Psychiatry, The Ottawa Hospital, General Campus, Ottawa, Ontario, K1H 8L6 Canada.
Psychother Res. 2013;23(3):301-14. doi: 10.1080/10503307.2012.717309. Epub 2012 Aug 24.
We hypothesized that compared to therapy groups homogeneously composed of women with binge eating disorder (BED) and low attachment anxiety, groups with high attachment anxiety would have better outcomes and a greater alliance-outcome relationship. We assigned 102 women with BED to therapy groups homogeneously composed of low attachment anxiety (n =52) or high attachment anxiety participants (n=50) who received Group Psychodynamic Interpersonal Psychotherapy (GPIP). GPIP resulted in improved outcomes with large effects. Attachment anxiety condition did not moderate outcomes. However, attachment anxiety condition did moderate the alliance-outcome relationship: i.e., group alliance growth was associated with improved binge eating only in the high attachment anxiety condition. Clinicians should be attentive to and encourage the growth of group therapy alliance especially for anxiously attached individuals.

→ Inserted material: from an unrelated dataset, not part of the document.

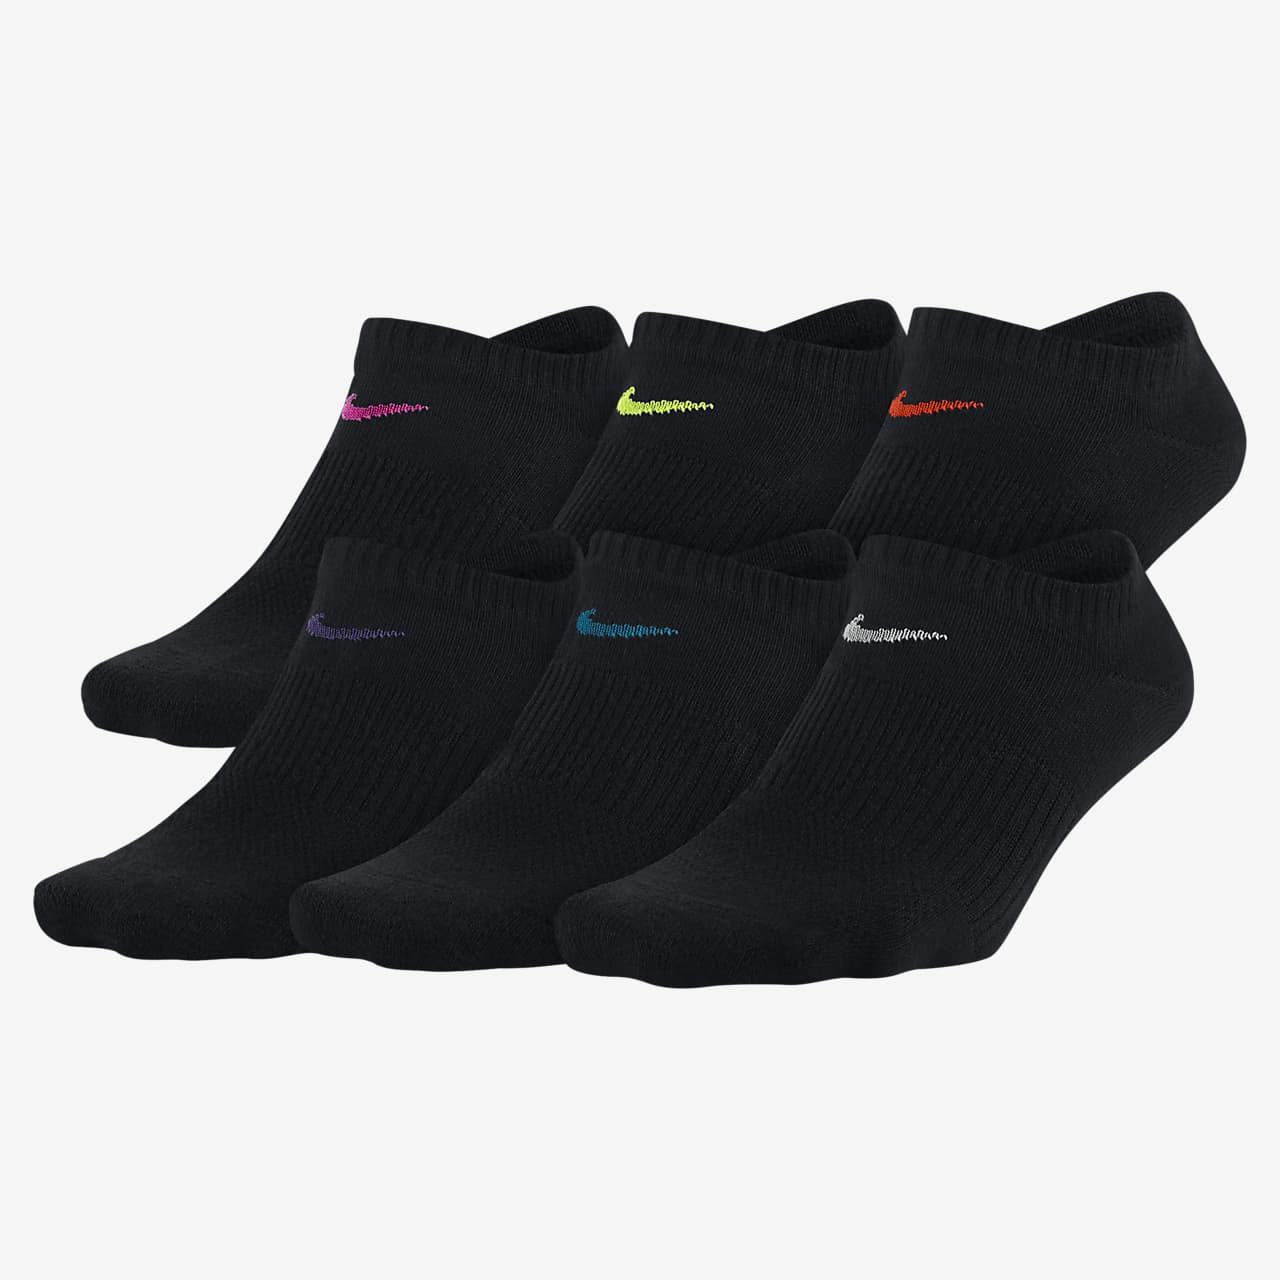 Calcetines de entrenamiento invisibles Nike Everyday Lightweight (6 pares)

我们假设,与由暴食障碍(BED)和低依恋焦虑的女性同质组成的治疗组相比,高依恋焦虑的组会有更好的结果和更大的联盟-结果关系。我们将 102 名暴食障碍的女性分配到由低依恋焦虑(n=52)或高依恋焦虑(n=50)参与者组成的同质治疗组,这些参与者接受团体心理动力学人际治疗(GPIP)。GPIP 导致了具有大效应的改善结果。依恋焦虑状况并未调节结果。然而,依恋焦虑状况确实调节了联盟-结果关系:即,团体联盟的增长与仅在高依恋焦虑状况下暴食的改善有关。临床医生应该关注并鼓励团体治疗联盟的发展,特别是对焦虑依恋的个体。